No, blood tests alone cannot diagnose rectal cancer. While blood tests like CEA levels may be elevated in some people with rectal cancer, these markers can also be normal even when cancer is present, and they can be elevated for reasons other than cancer. A definitive diagnosis requires a biopsy where tissue is examined under a microscope to confirm the presence of cancer cells.

Why is it important to know the exact location of my tumor?
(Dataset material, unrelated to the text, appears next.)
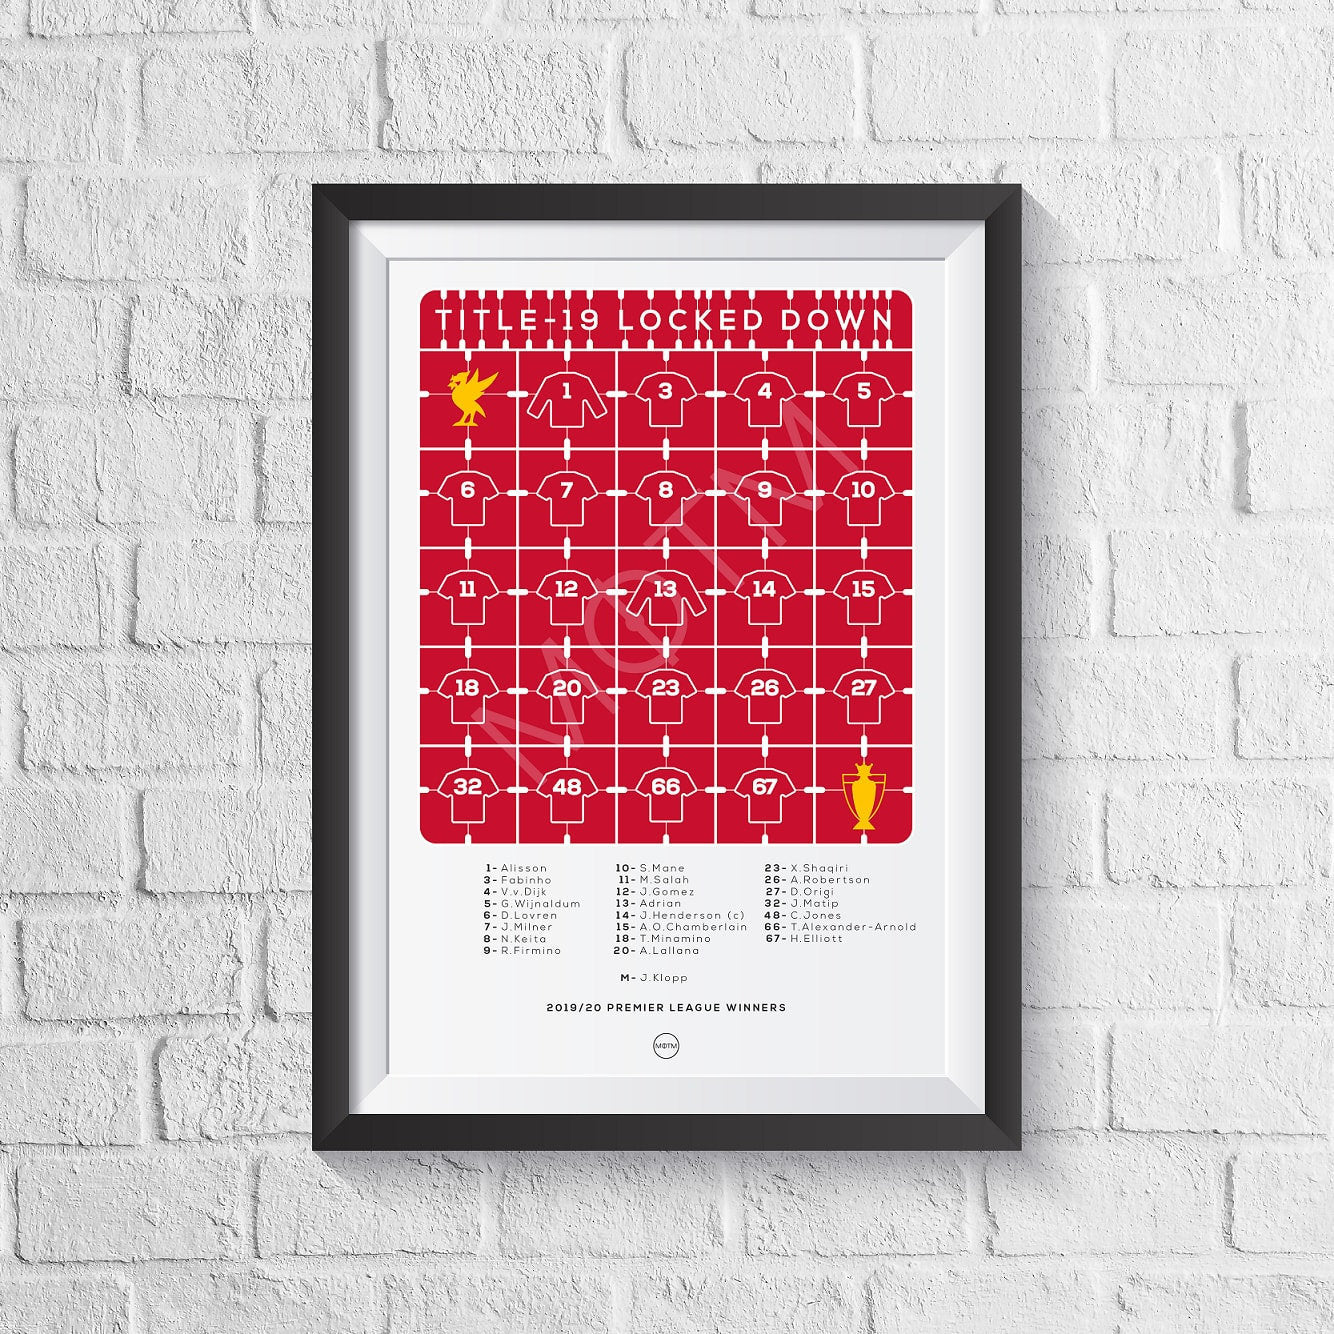 Liverpool 'Title-19 Locked Down' 2019/2020 Print - Man of The Match Football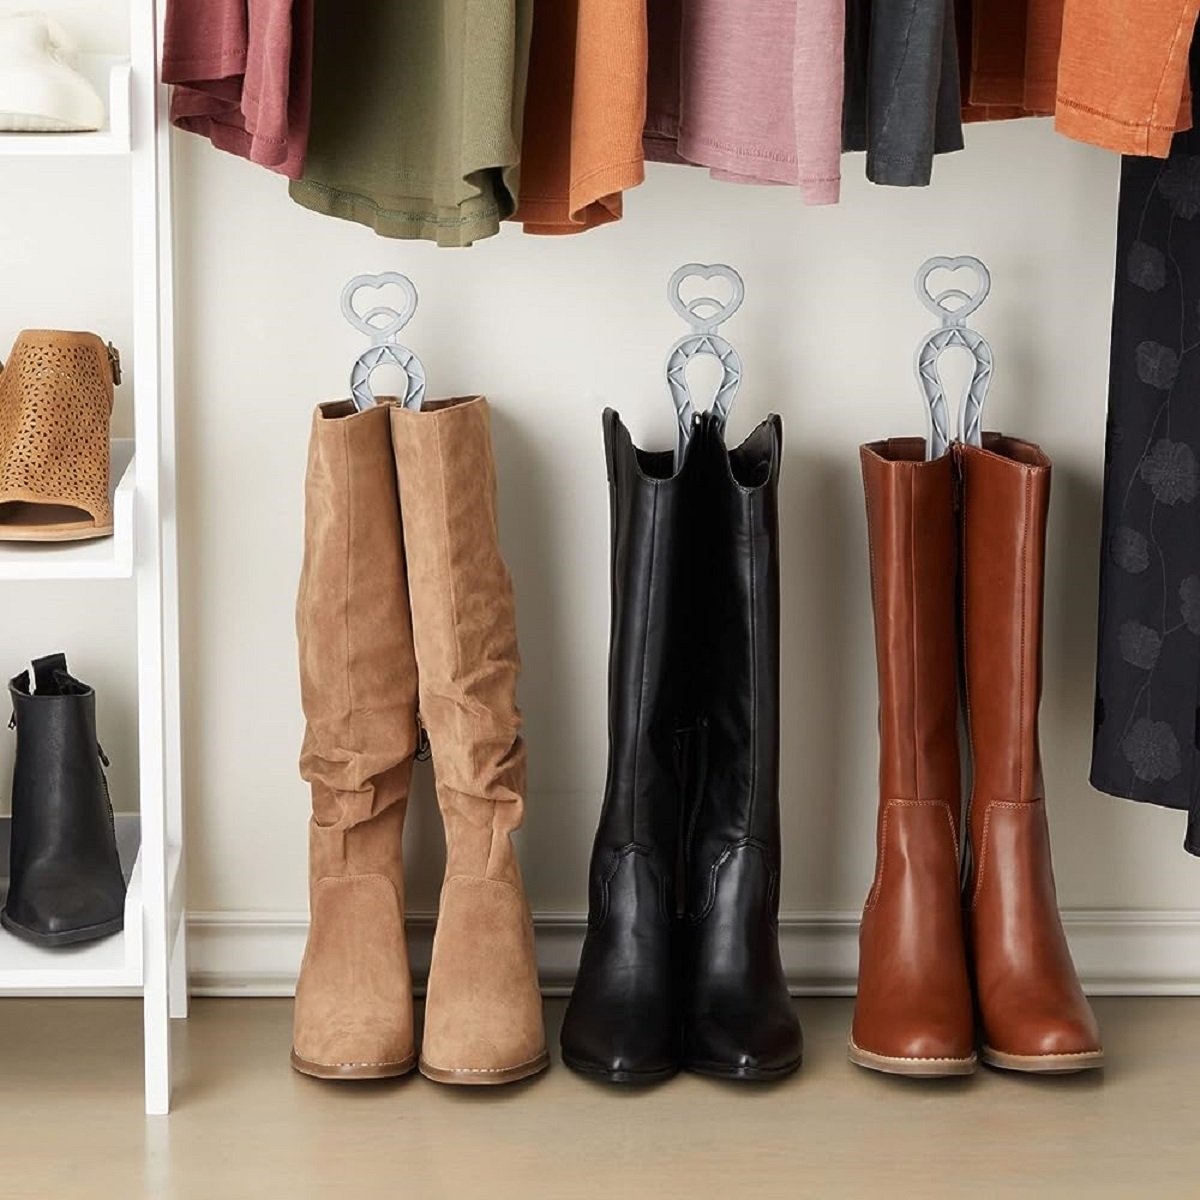 How To Store Knee High Boots

The location of your tumor within the rectum significantly affects treatment decisions. Tumors located in the lower part of the rectum (within 5 centimeters of the anal opening) may require different surgical approaches than those higher up. The tumor’s distance from the anal verge helps your surgical team plan whether they can preserve your sphincter muscles and natural bowel function, or whether other approaches might be needed.

🎯 Key takeaways

  • Many people with early-stage rectal cancer have no symptoms at all, making regular screening incredibly important for catching the disease when it’s most treatable.
  • A colonoscopy with biopsy is the gold standard for diagnosing rectal cancer – it allows direct visualization and tissue sampling in a single procedure.
  • The exact distance of your tumor from the anal verge, measured during rigid sigmoidoscopy, can completely change your treatment plan and surgical options.
  • MRI and transrectal ultrasound provide crucial information about how deeply the tumor has grown into the rectal wall and whether nearby lymph nodes are involved.
  • All newly diagnosed rectal cancer patients should be tested for DNA mismatch repair and microsatellite status, as these genetic features can open up additional treatment options including immunotherapy.
  • Clinical trial participation requires specific diagnostic tests and documentation, but these trials offer access to cutting-edge treatments not yet widely available.
  • Getting a second opinion on your diagnosis and pathology results is completely normal and can provide additional clarity and treatment options.
  • Blood tests alone cannot diagnose rectal cancer, but they provide valuable information about your overall health and can help monitor treatment response over time.